» **EXERCISE INSTRUCTIONS**
With the images left out, print all of the records below exactly.
= = = =
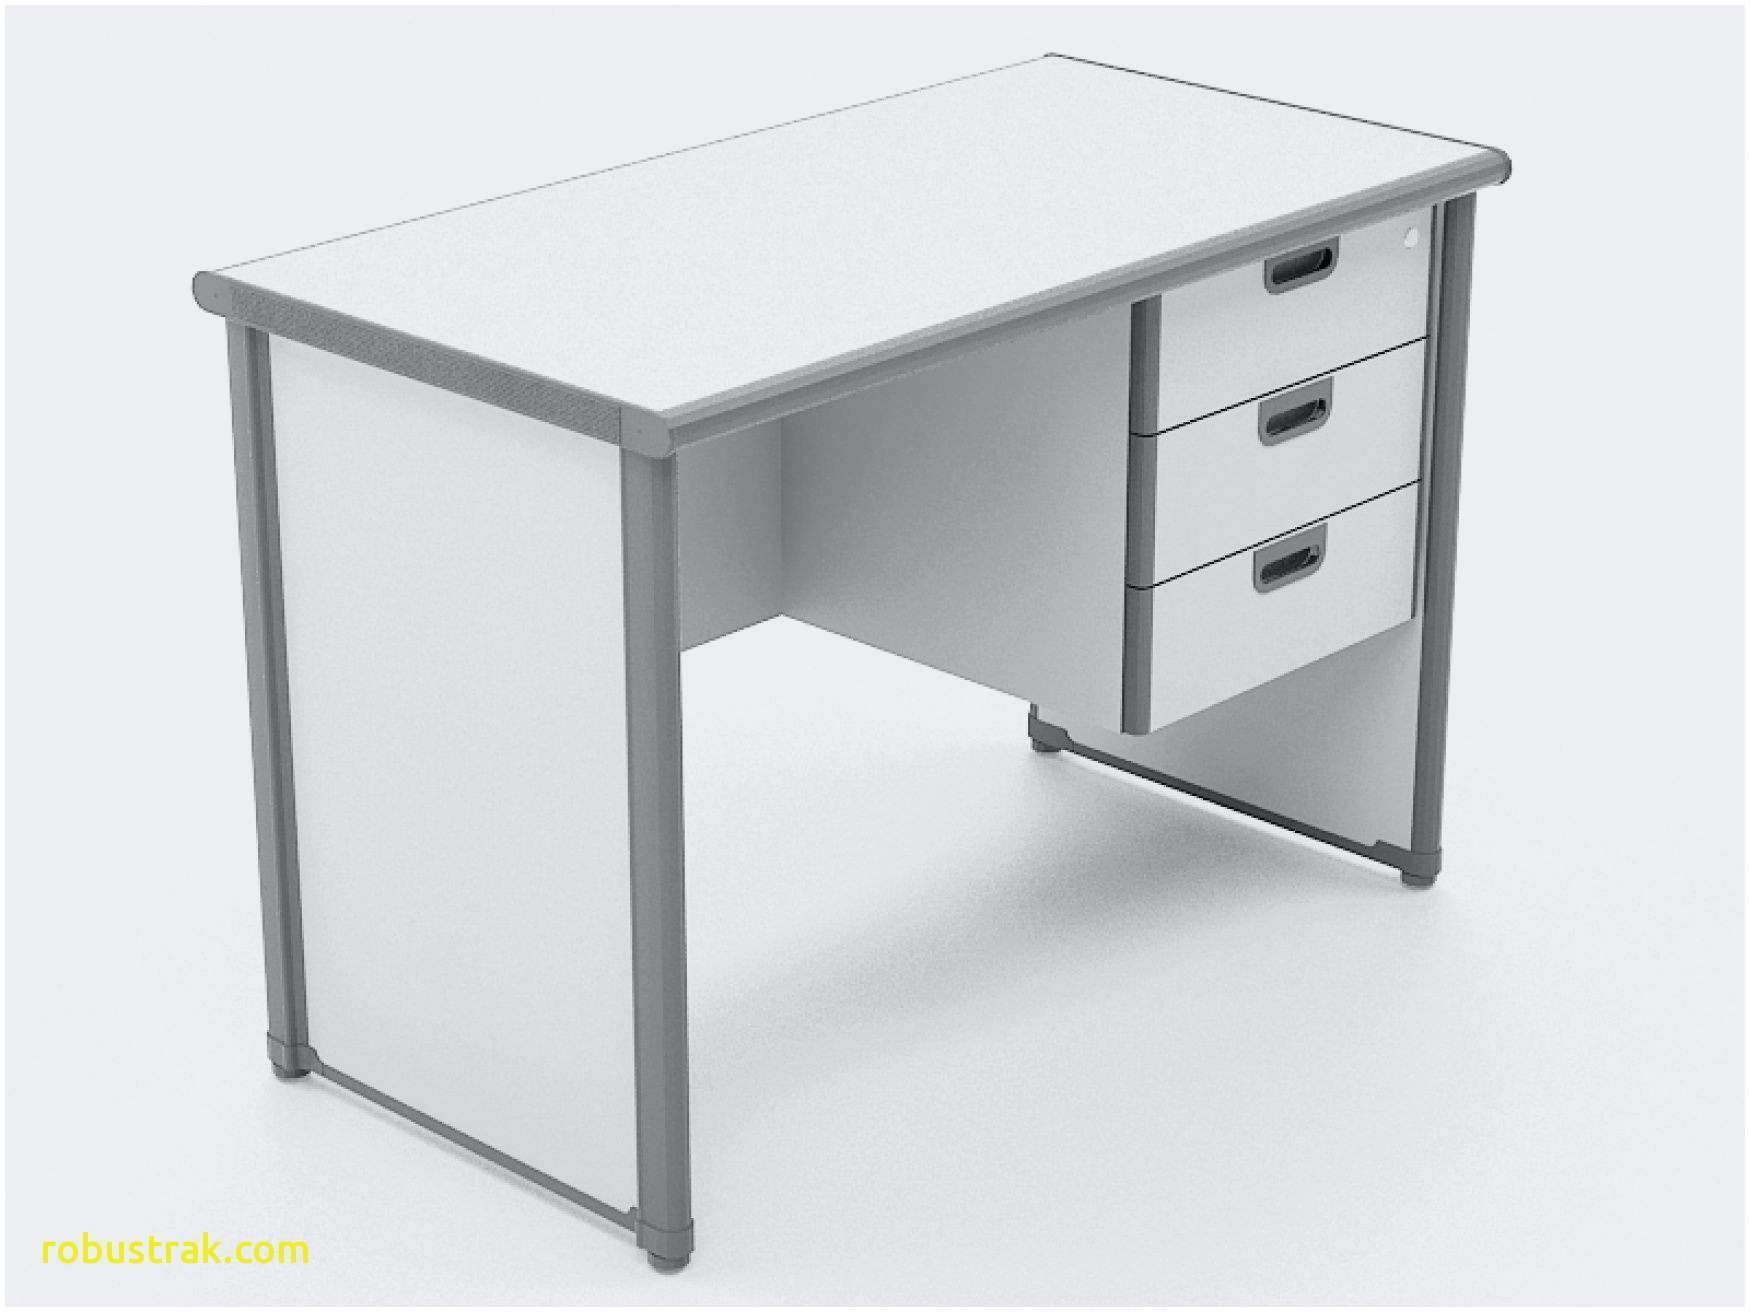 Acrylic Computer Desk Trending Decor New Home Designs House Design
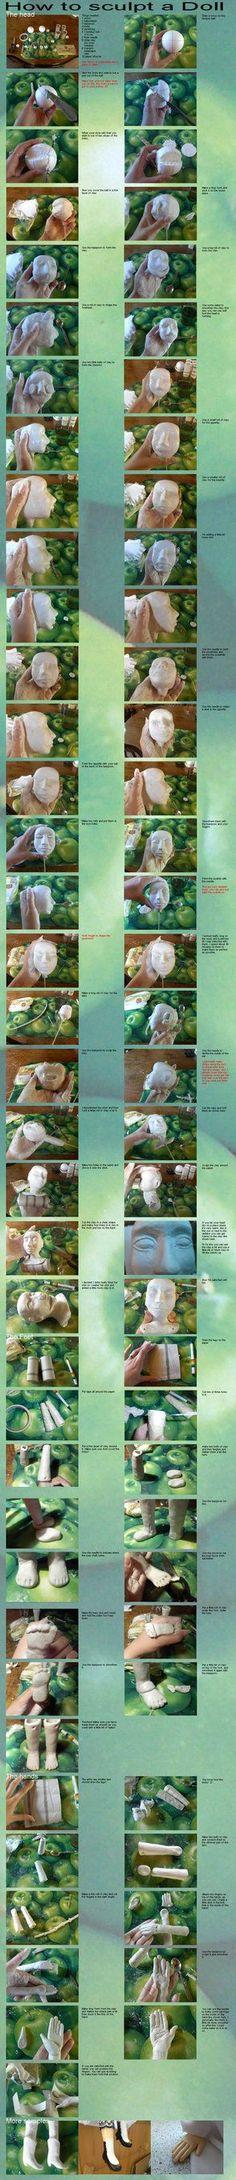 How to sculpt a doll-tutorial- by ~Hamkaastostie on deviantART  clay over styrofoam:
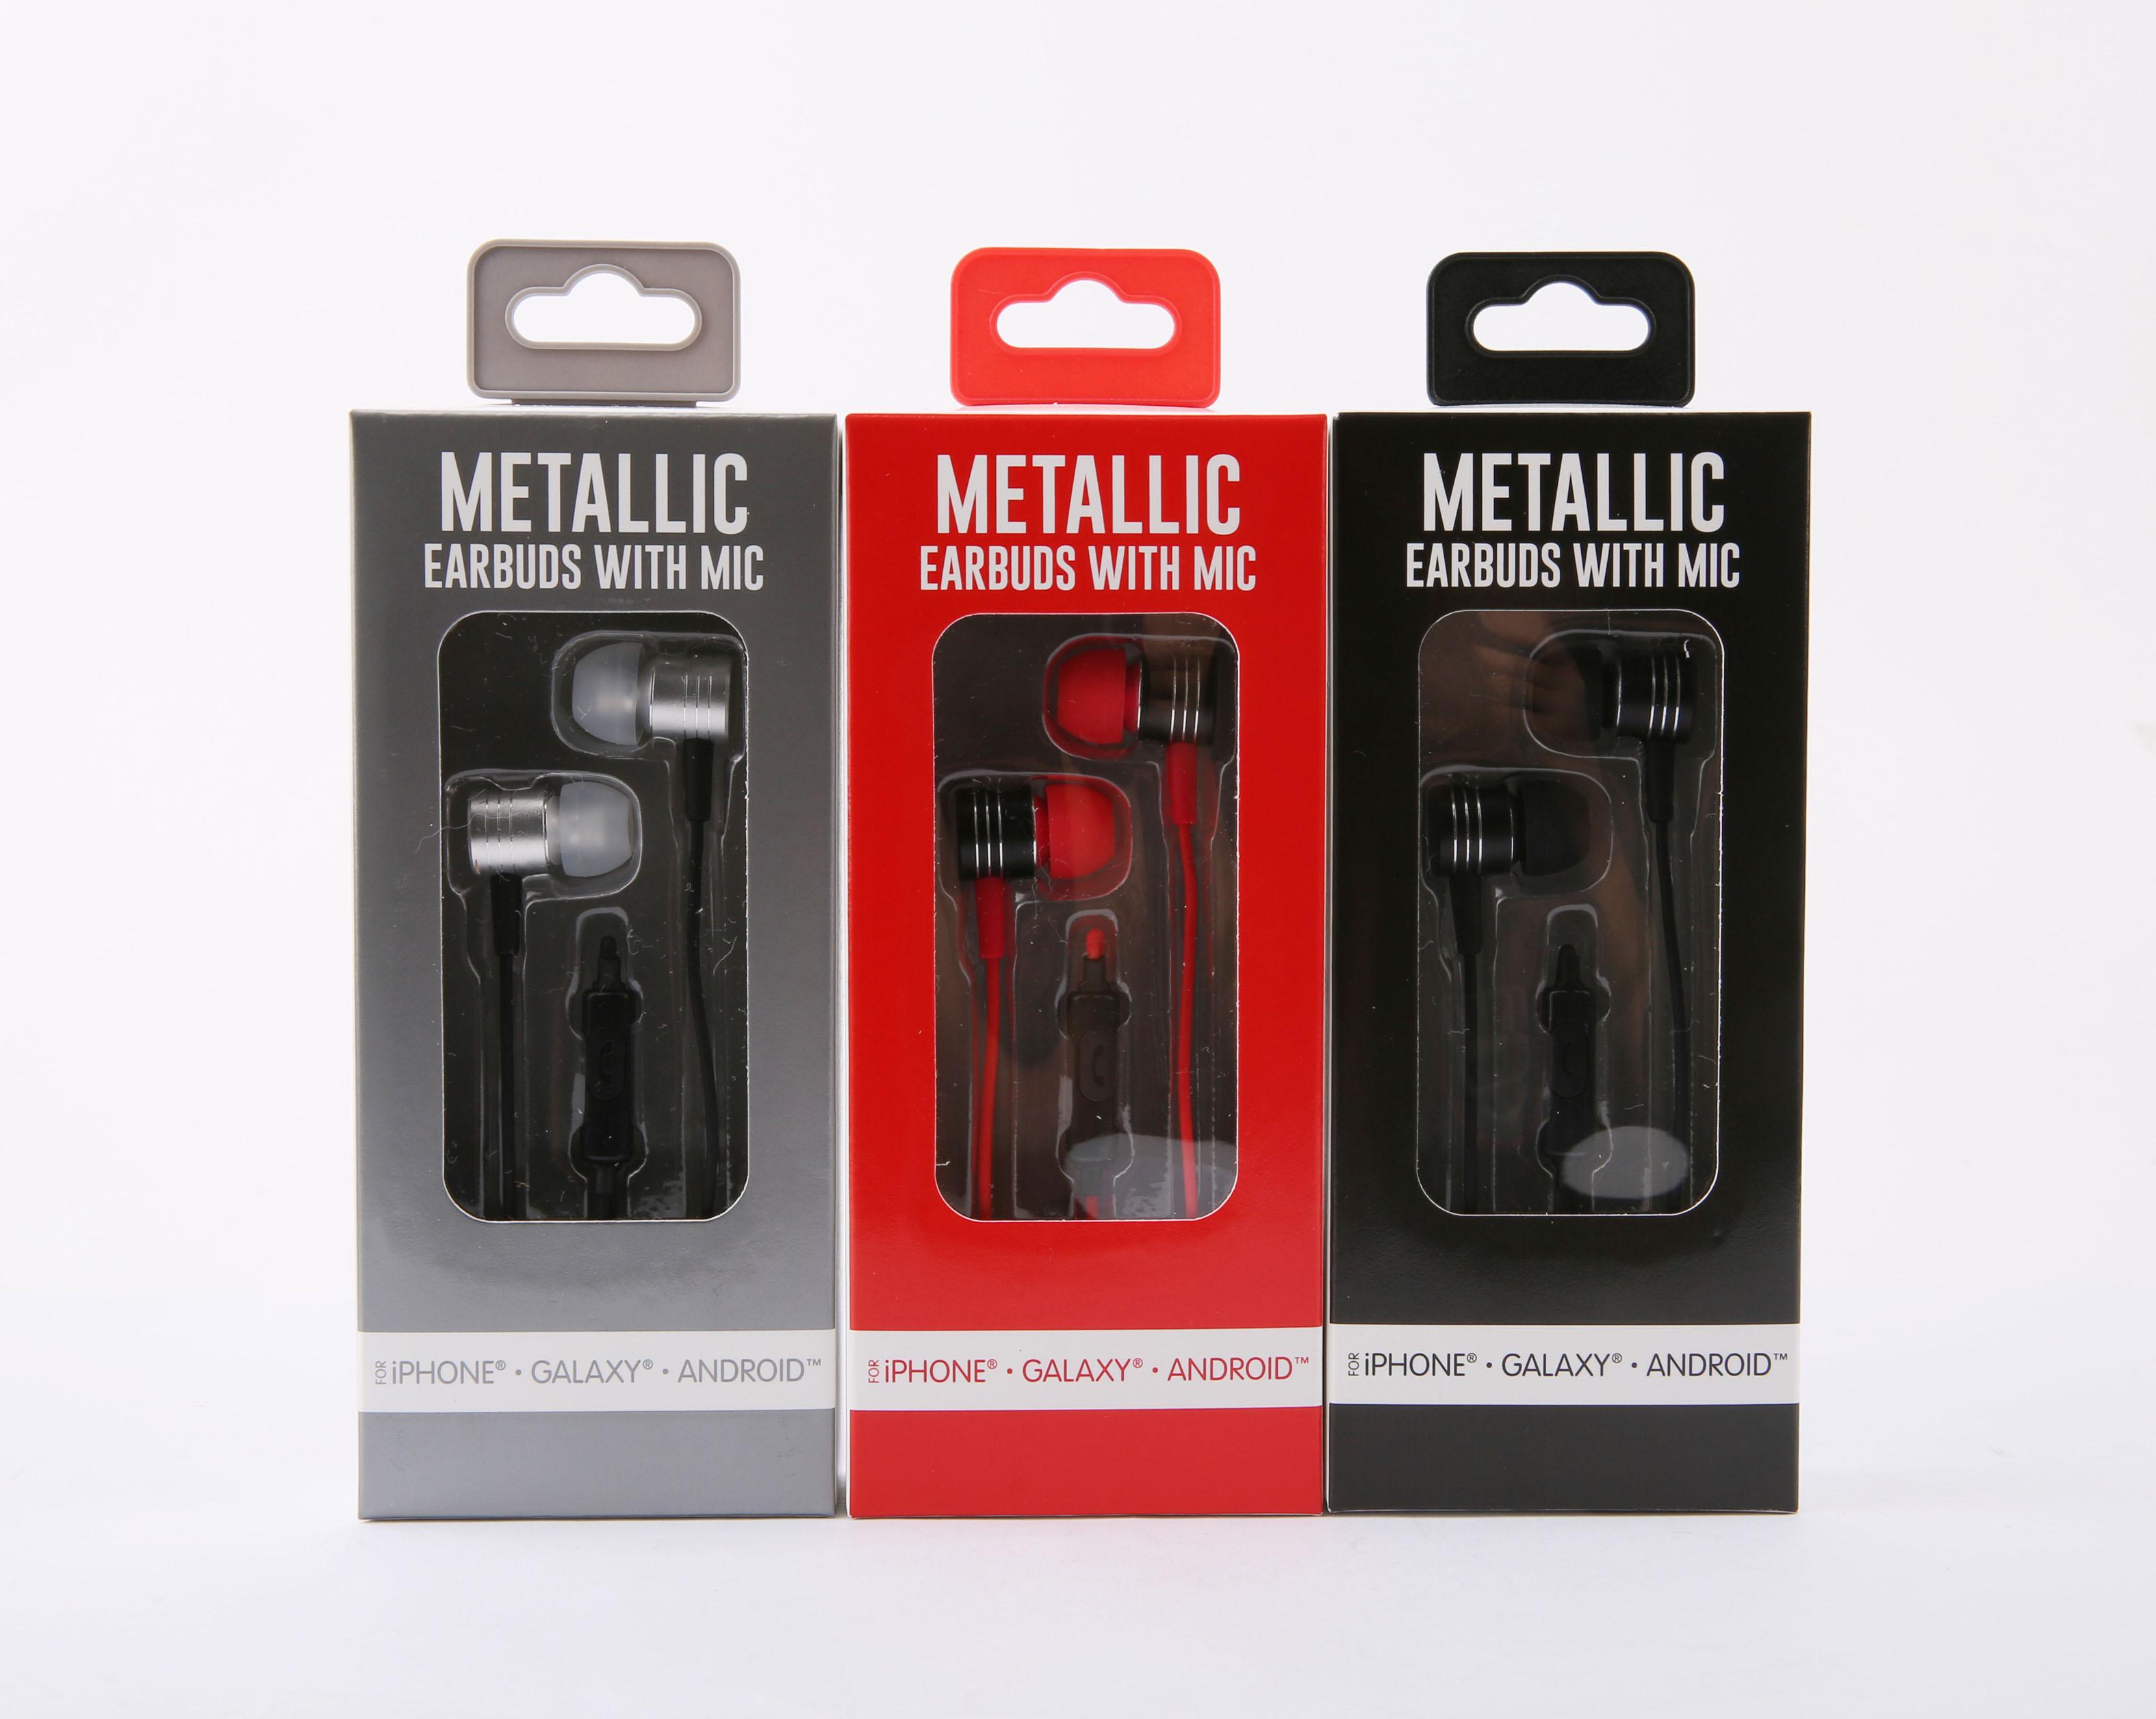 dfb6eef4d4c General Metallic Earbud W/mic Black - Walmart.com
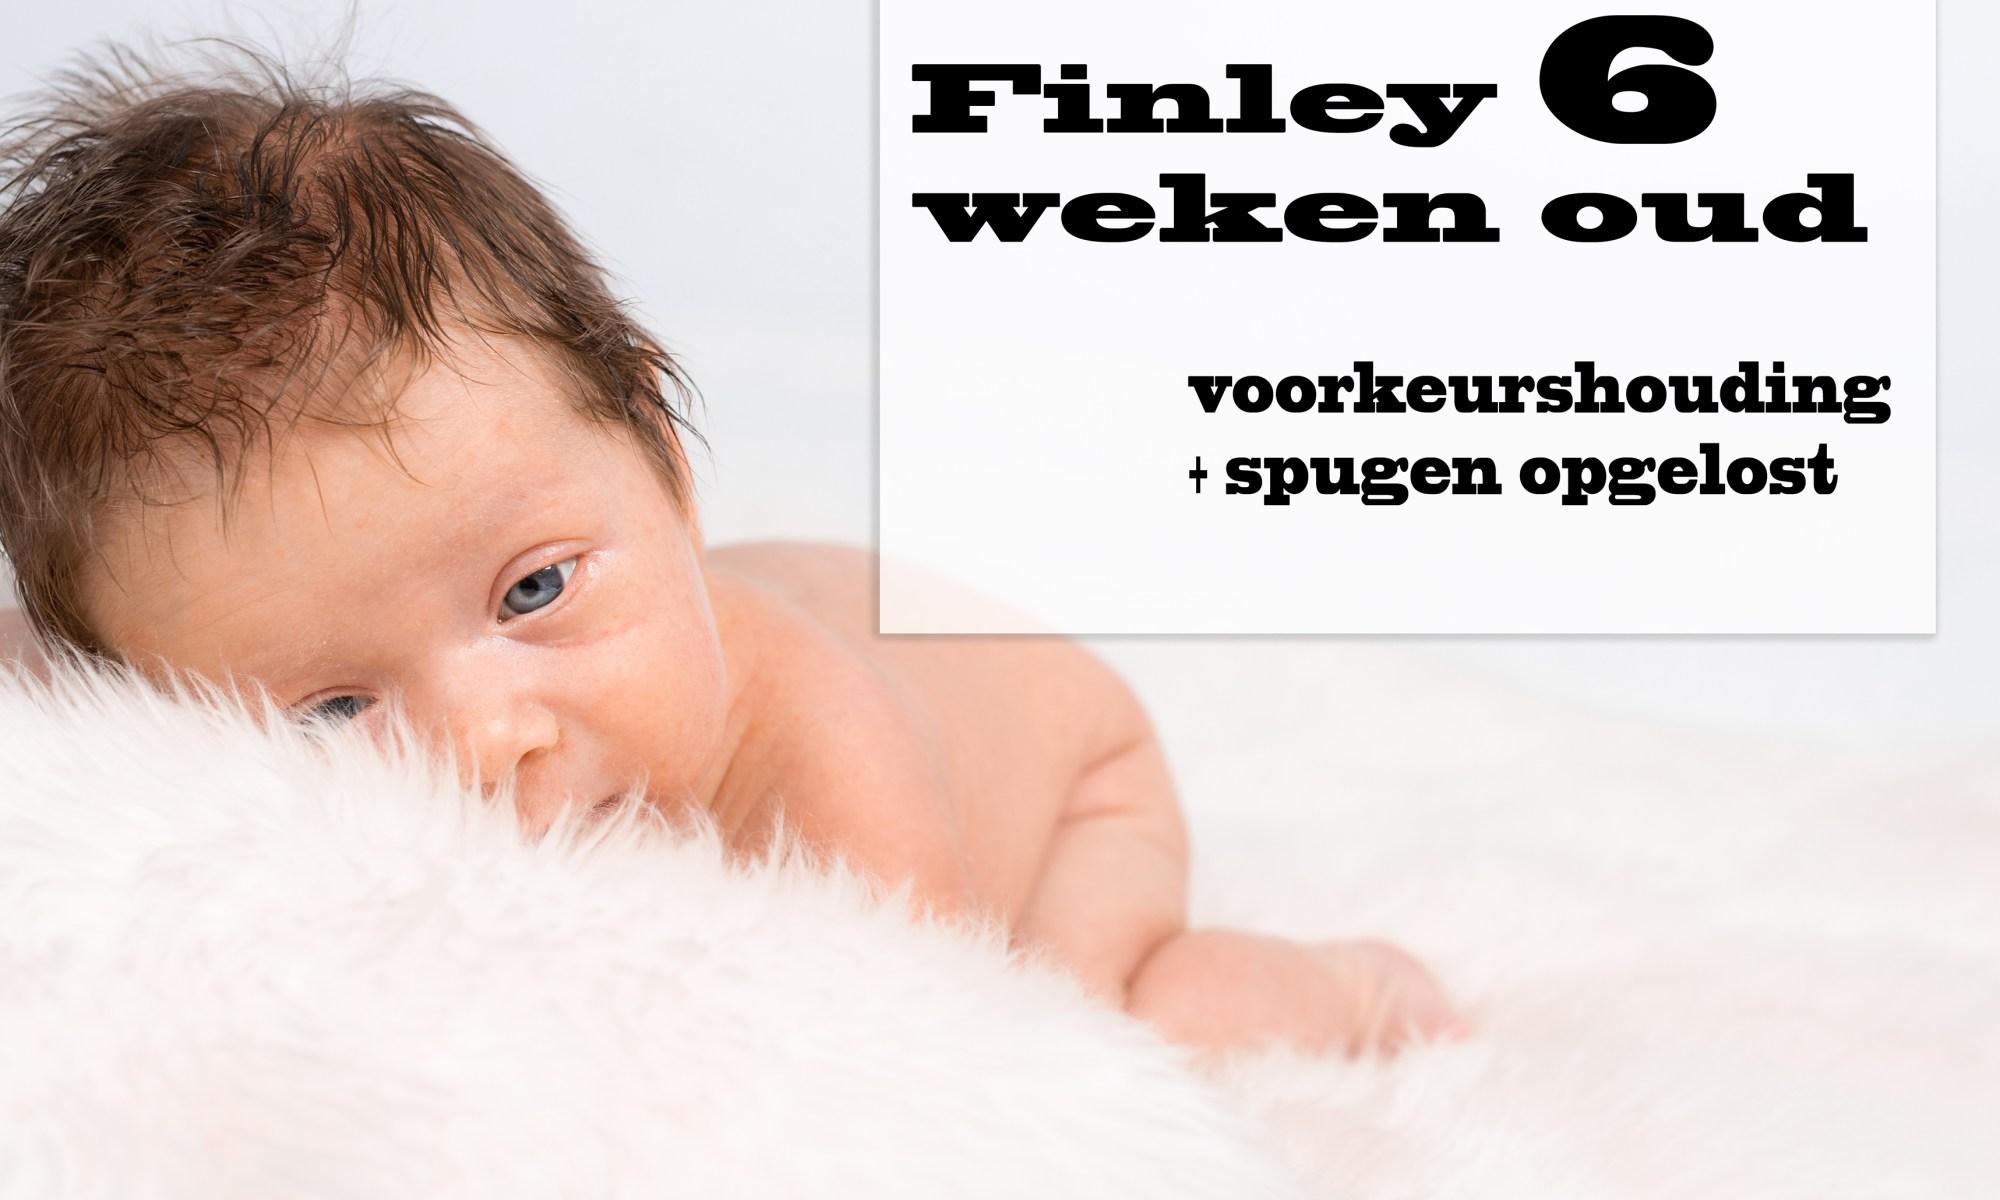 Finley 6 weken oud baby newborn borstvoeding mama pasgeboren mama blog foto shoot www.liefkleiwonder.nl Slaapzak voorkeurshouding spugen borstvoeding toeschietreflex druk nek spieren
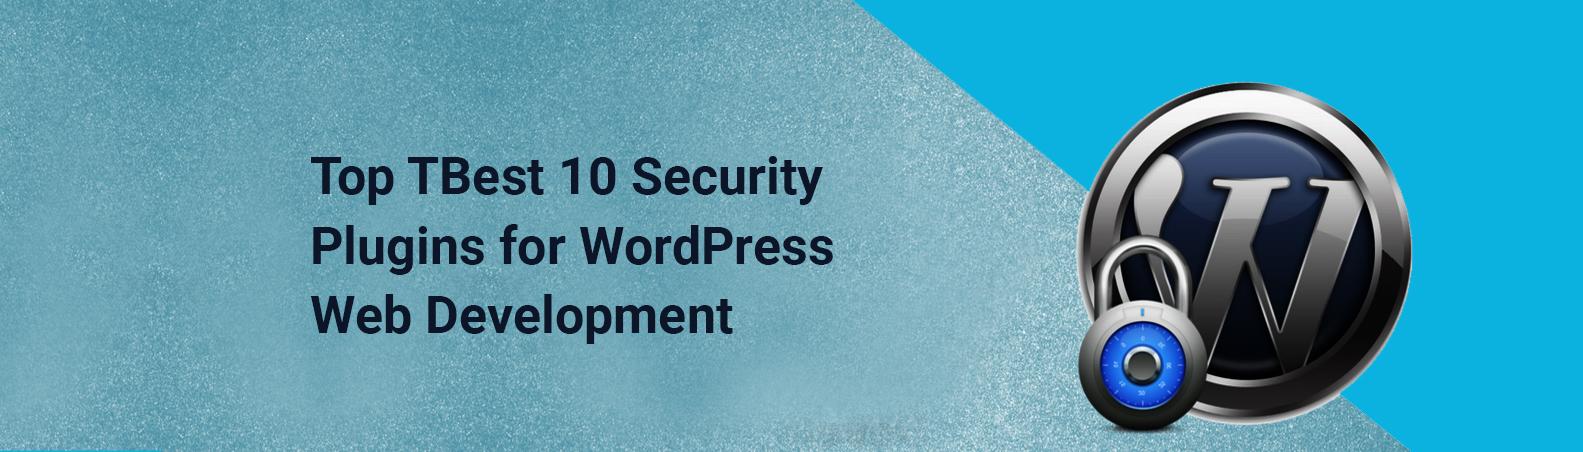 Best 10 Security Plugins for WordPress Web Development
= = = =
» **RESPONSE AREA**
 Acrylic Computer Desk Trending Decor New Home Designs House Design
 How to sculpt a doll-tutorial- by ~Hamkaastostie on deviantART  clay over styrofoam:
 dfb6eef4d4c General Metallic Earbud W/mic Black - Walmart.com
 Finley 6 weken oud baby newborn borstvoeding mama pasgeboren mama blog foto shoot www.liefkleiwonder.nl Slaapzak voorkeurshouding spugen borstvoeding toeschietreflex druk nek spieren
 Best 10 Security Plugins for WordPress Web Development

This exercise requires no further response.